> _Task objective_:
In the entries that follow, the line with "Cemetery map of" opens the range and the line with "Happy Birthday Manaalan" closes it; repeat that range exactly, both lines included.

> _Records for the task_:
______________________________
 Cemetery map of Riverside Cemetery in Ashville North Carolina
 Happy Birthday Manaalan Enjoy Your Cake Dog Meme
______________________________
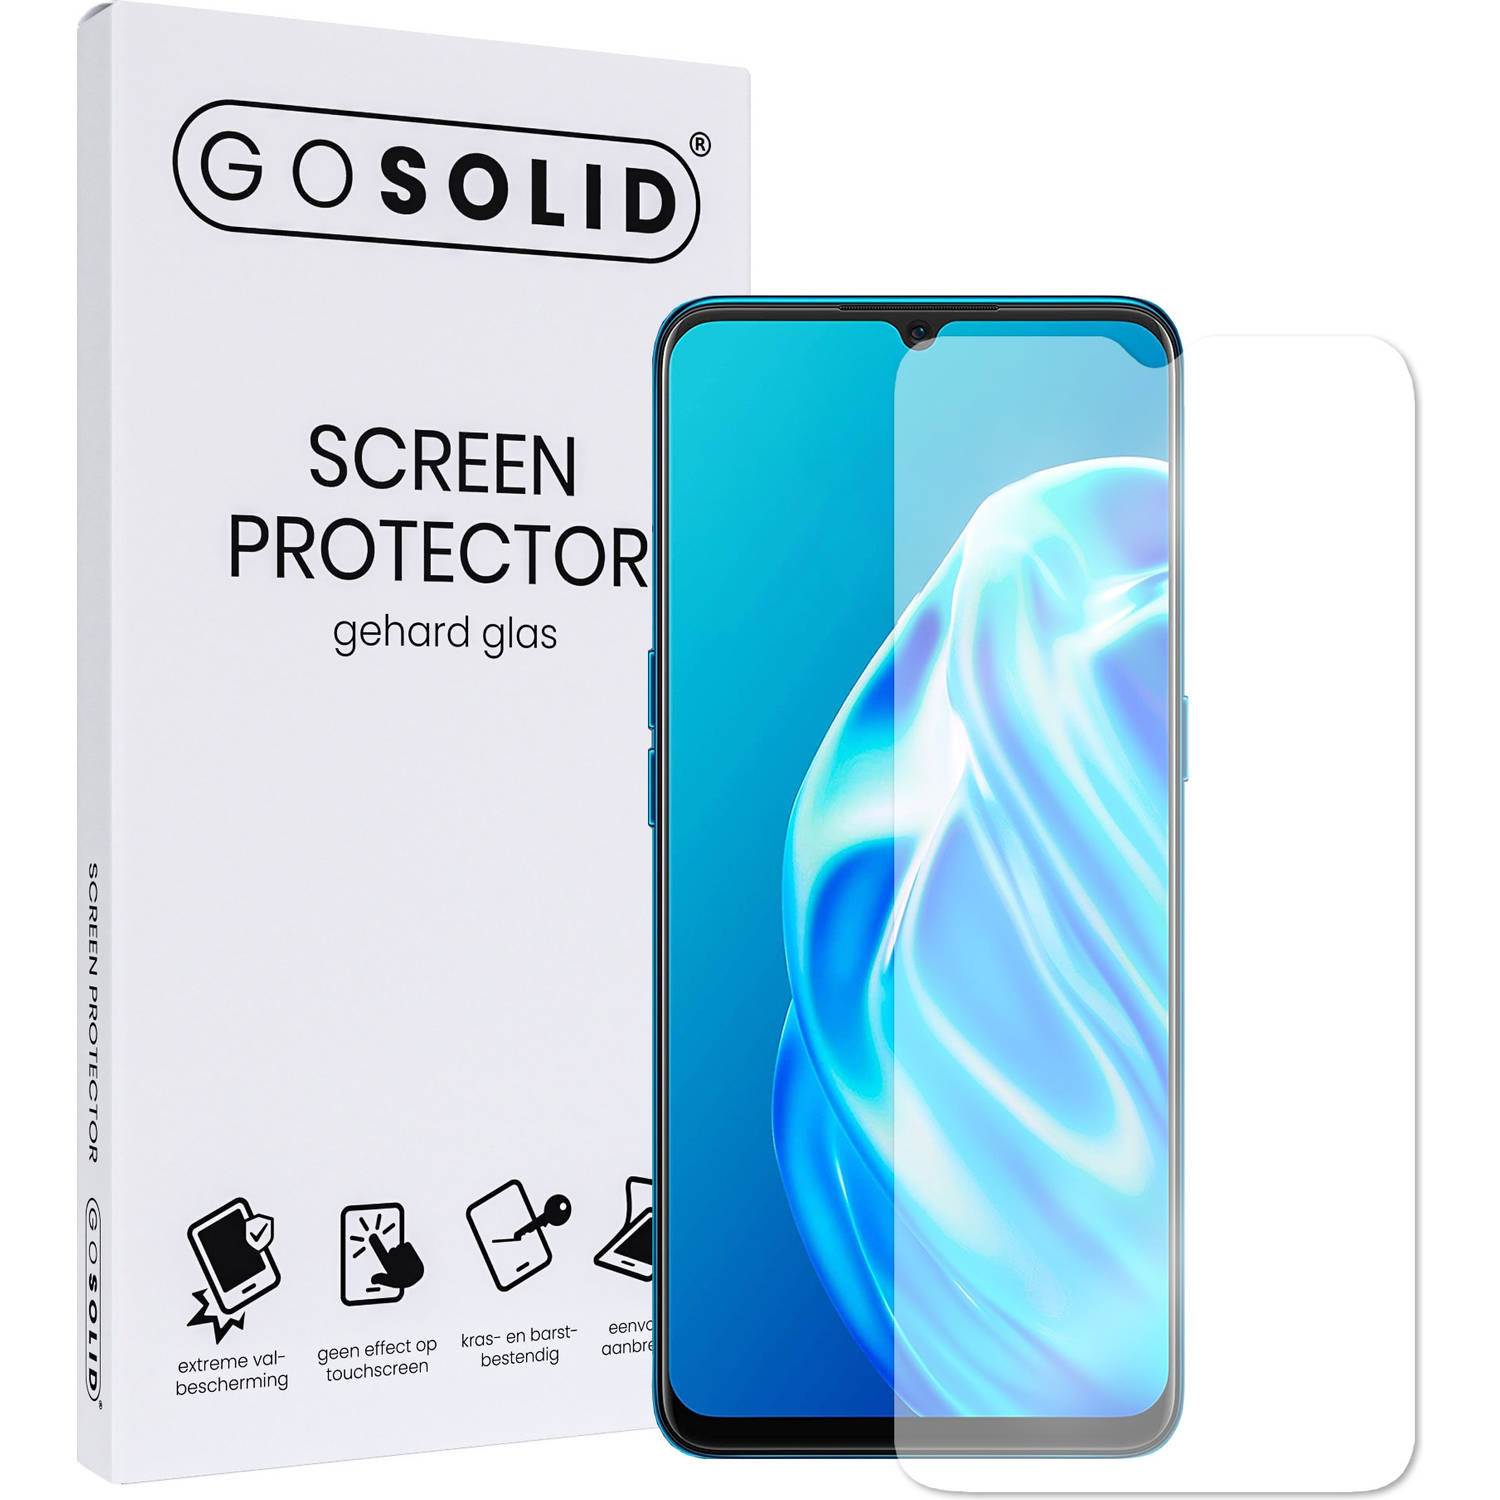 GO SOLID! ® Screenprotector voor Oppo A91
______________________________
> _Solution to the problem_:
 Cemetery map of Riverside Cemetery in Ashville North Carolina
 Happy Birthday Manaalan Enjoy Your Cake Dog Meme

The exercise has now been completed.